_Given information_.
________________
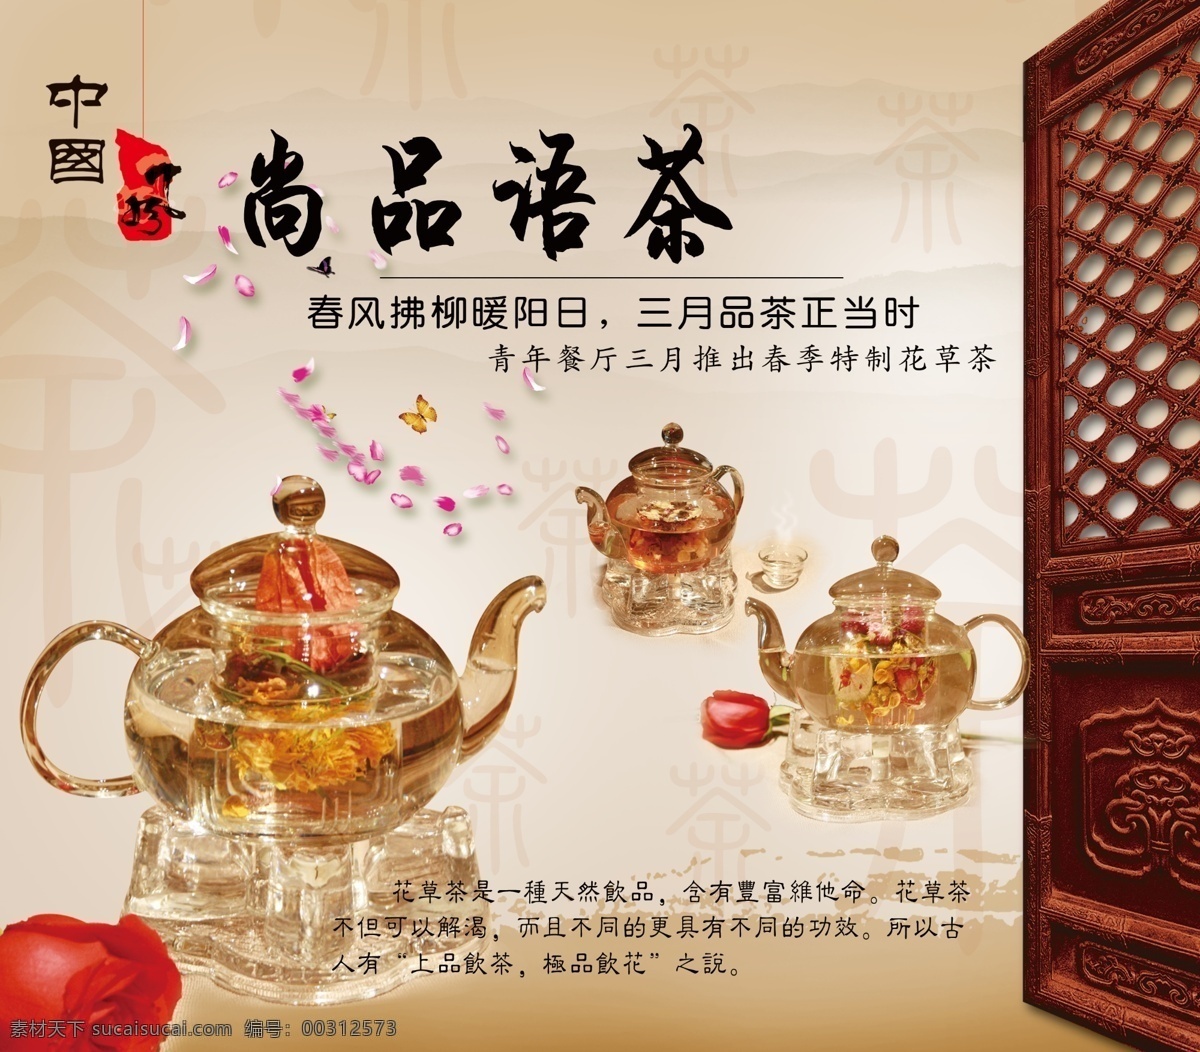 茶水广告 花草茶 广告 中国风 古典 玫瑰 广告设计模板 源文件
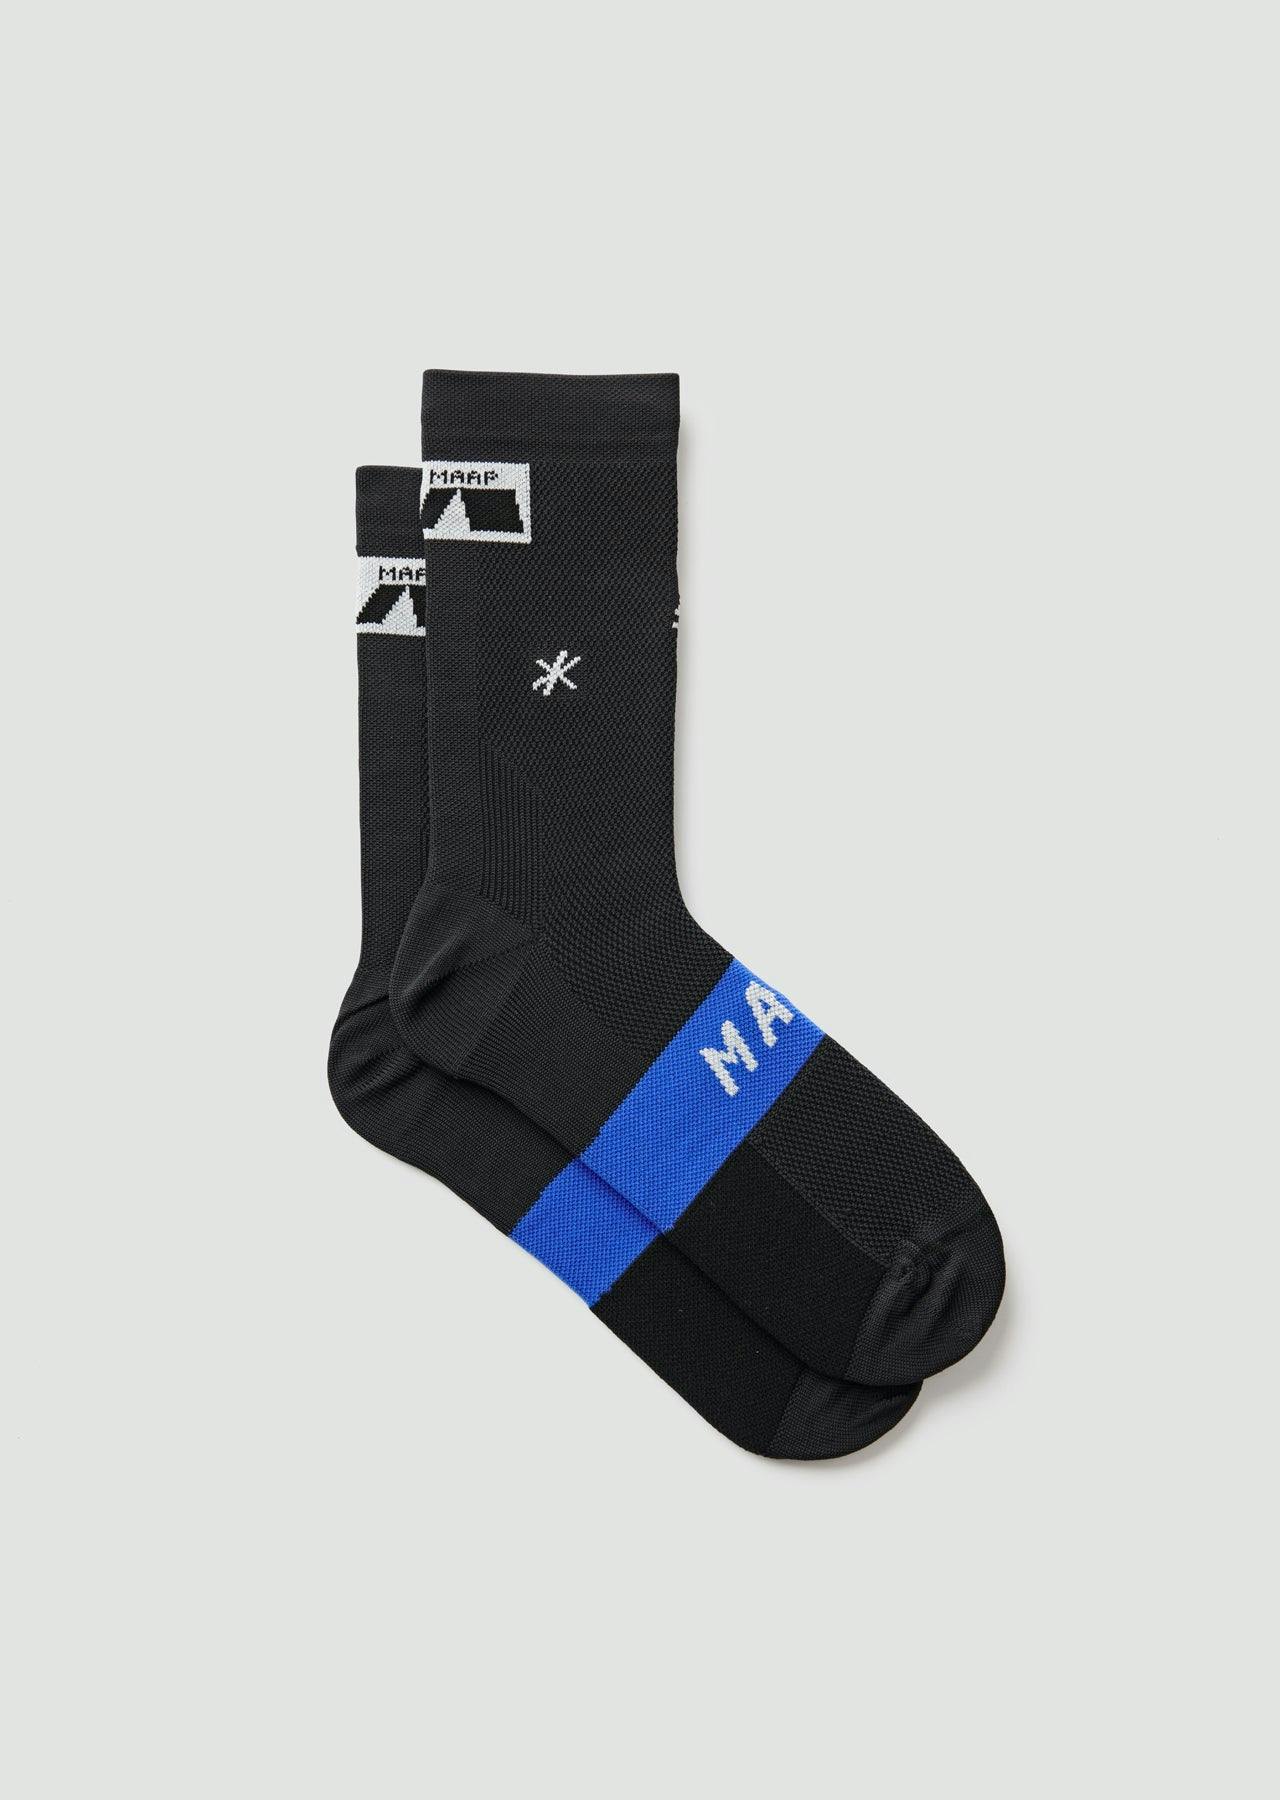 Axis Socks
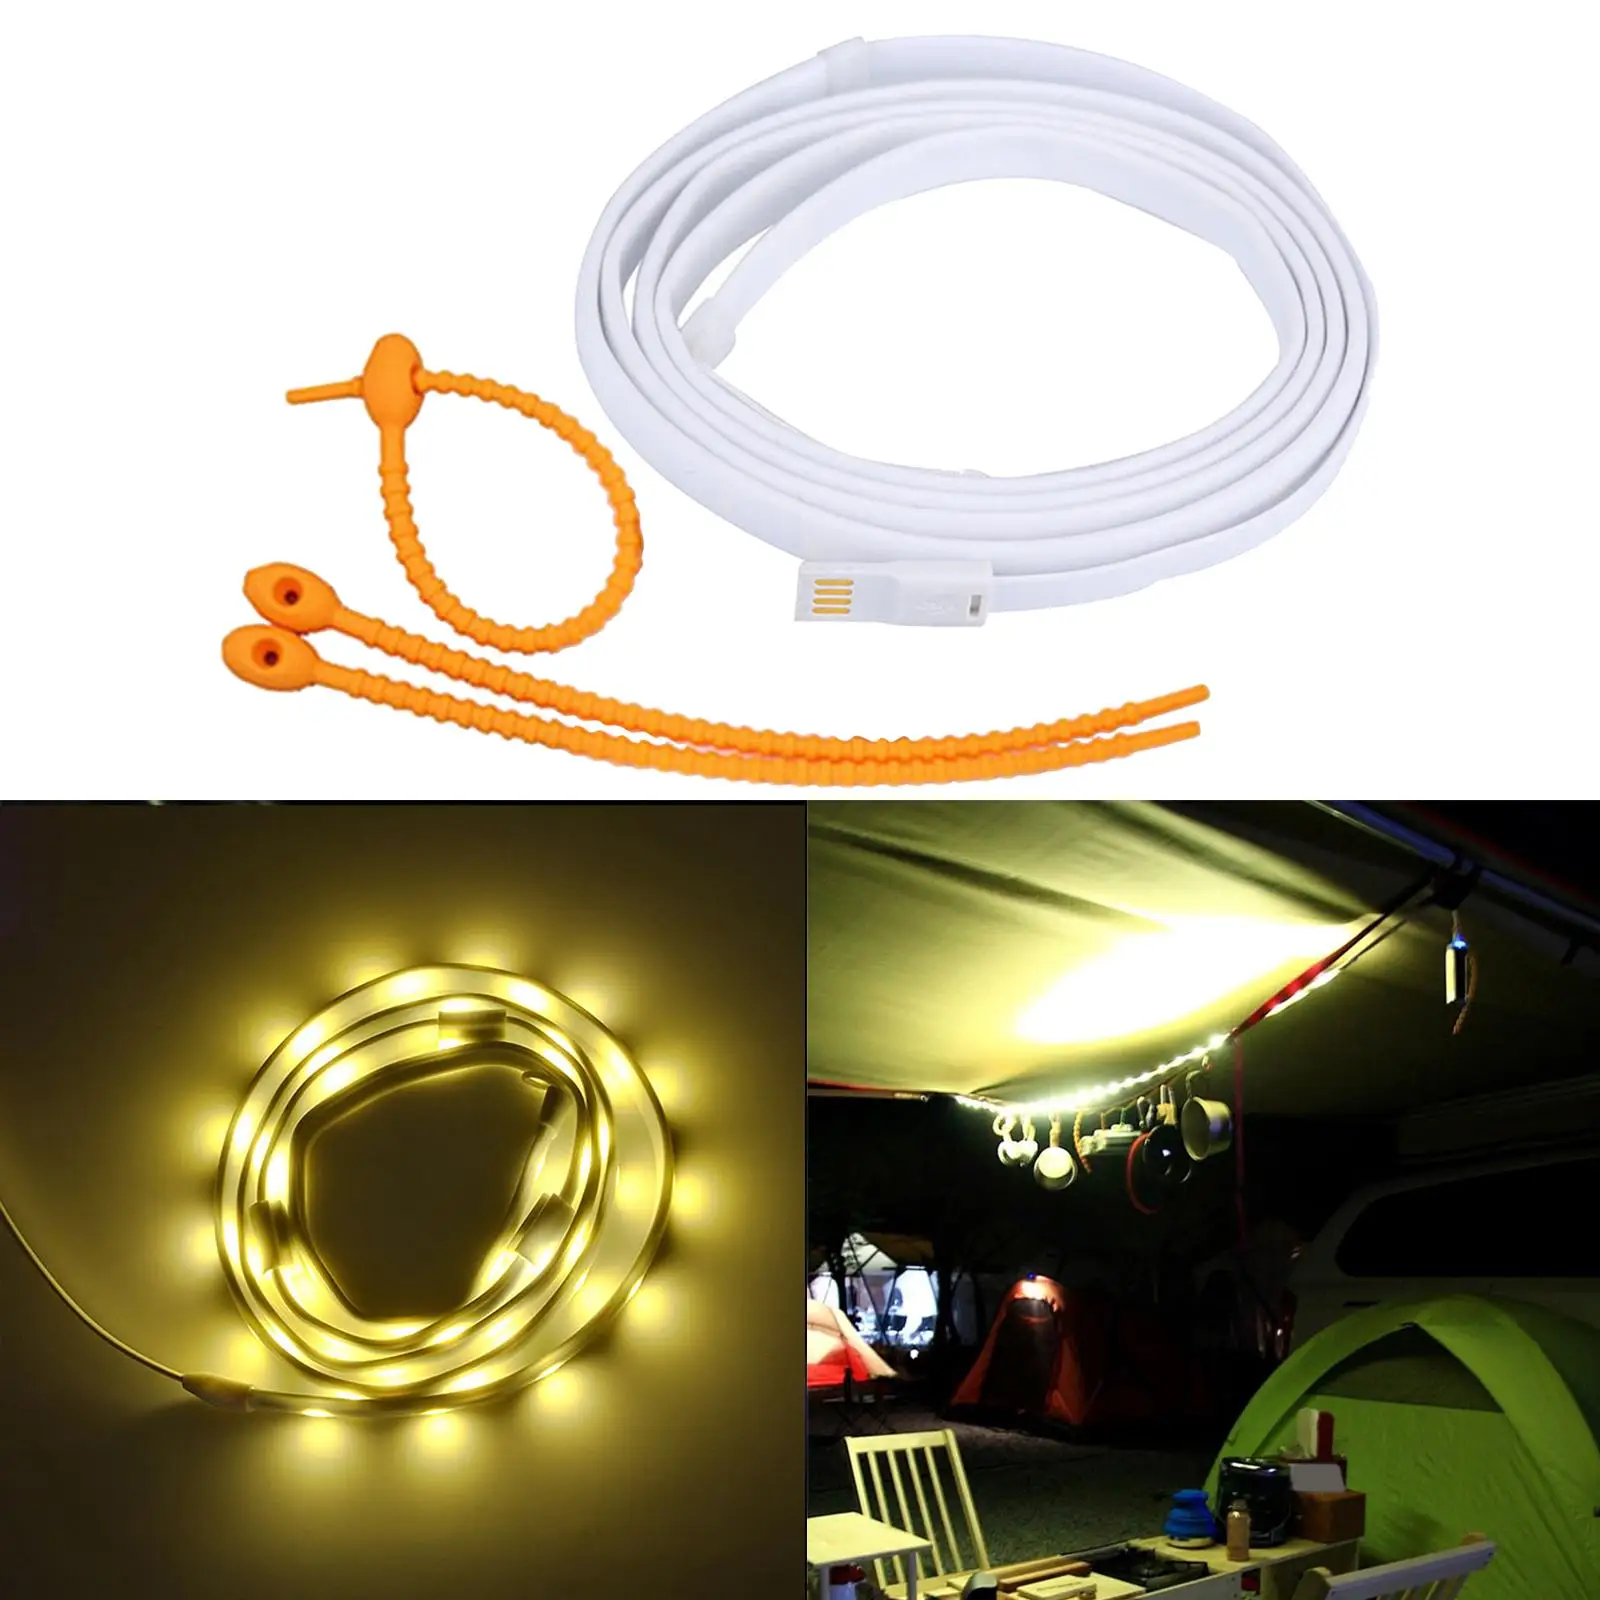 LED Strip Light Outdoor USB LED String Light Tube Flexible LED Tape White Light Stripe Lamp for Camping Hiking
________________
_About this exercise_.
When you copy the listing, keep every line exactly as it is but leave out all images.

_Written solution_.
 茶水广告 花草茶 广告 中国风 古典 玫瑰 广告设计模板 源文件
 Axis Socks
 LED Strip Light Outdoor USB LED String Light Tube Flexible LED Tape White Light Stripe Lamp for Camping Hiking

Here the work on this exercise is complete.